Warner Bros.
Your honor, I must confess — I have a mighty big soft spot for "The Devil's Advocate." The 1997 supernatural courtroom thriller stars Keanu Reeves as Kevin Lomax, a hotshot Florida lawyer (with the world's sketchiest Southern accent) who is recruited by a fiendish defense attorneys office in New York, run by the charismatic and slightly terrifying John Milton (Al Pacino). As he abandons his morals in order to win cases, Kevin's wife Mary Ann (Charlize Theron) starts having horrific visions with demonic influences. You see, Milton isn't just devilishly handsome and talented, he's also actually the devil himself.
"The Devil's Advocate" completely hinges on Pacino's performance, as he plays Milton with a kind of outlandish delight that only a rare few of our greatest actors could ever attempt. It's a little bit Tony Montana from "Scarface" when he's on copious amounts of coke and a little bit Lieutenant Hanna from "Heat," all wrapped up in some deliciously decadent camp. The surrounding performances are important too, however, and Reeves is often quite innocent and confused, a lamb among wolves. His performance perfectly bounces against Pacino's high intensity theatricality (much like Reeves and Gary Oldman in "Bram Stoker's Dracula"). As such, it's hard to imagine that once upon a time, a very different 90's heartthrob almost played the increasingly amoral attorney.

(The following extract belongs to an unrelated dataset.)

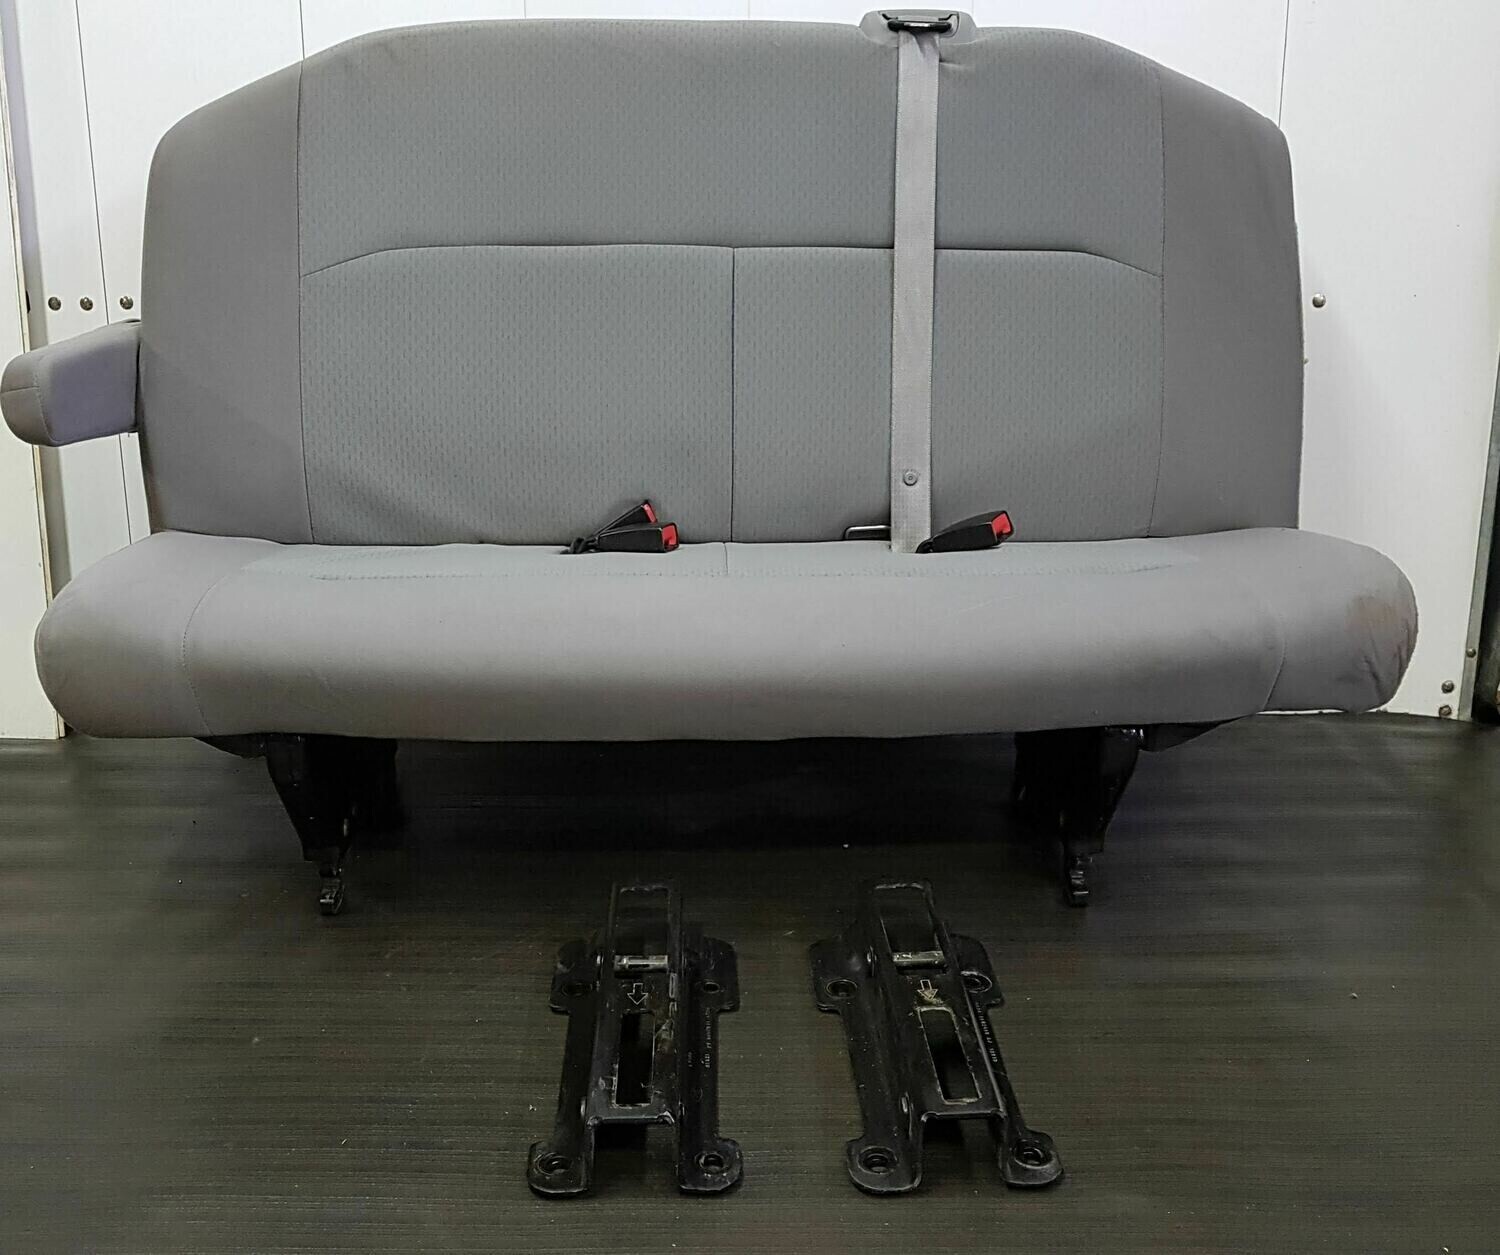 3 Passengers Bench Seat - Removable

Keanu Reeves replaced Brad Pitt in The Devil's Advocate
New Line Cinema
According to an Al Pacino interview with the Los Angeles Times from 1997, "The Devil's Advocate" spent a fair amount of time stuck in development hell. "The Lost Boys" director Joel Schumacher was set to call the shots at one point, with Brad Pitt in the role of Kevin Lomax instead of Keanu Reeves. Ultimately, though, Schumacher couldn't find the right actor to play the devil and Pacino even passed on an initial draft of the screenplay by "Showdown in Little Tokyo" scribe Jonathan Lemkin, feeling that the character was something he'd already seen too many times before. For sure, while Schumacher is fantastic at directing a certain kind of camp (like the fabulously campy and queer "Batman Forever"), it's almost impossible to imagine his version of "The Devil's Advocate."
It is slightly easier to picture Pitt in the Lomax role, however, especially considering the kinds of roles he was taking in the mid-1990s. His world-weary young cop character in David Fincher's "Seven" isn't all that different from Lomax, and Pitt had the charisma to pull off the courtroom scenes. Then again, he might have come across as a little too smart to have fallen for the devil's tricks, whereas Reeves' natural naivety helps make the movie work.
The Devil's Advocate is perfectly cast
Warner Bros.
Say what you will about Reeves' occasionally ridiculous accent, but he's absolutely perfect in "The Devil's Advocate." He's sweet and lost, an innocent in a world of villains, and he serves as the perfect audience proxy because we can put ourselves so readily into his shoes. There's a reason that "The Devil's Advocate" ranks among our best Keanu Reeves movies of all time as well as our best Al Pacino movies of all time; it's simply one hell of a movie and its two main performances are vital to its greatness. Supporting performances by Connie Nielsen, Tamara Tunie, Chris Bauer, Craig T. Nelson, and Charlize Theron (whose performance convinced Patty Jenkins to cast her in "Monster") all help sell this bizarre and bloody courtroom drama that raises the stakes to an apocalyptic battle between Heaven and Hell.
"The Devil's Advocate" is one of those 1990s movies that could never really happen today, and that's in large part because of its absolutely perfect cast. Pitt ended up doing just fine without it, starring in the similarly named but wildly different Irish terrorism thriller "The Devil's Own" the same year. I guess 1997 was the year for devilish titles at the cinema, but we were all better off for it.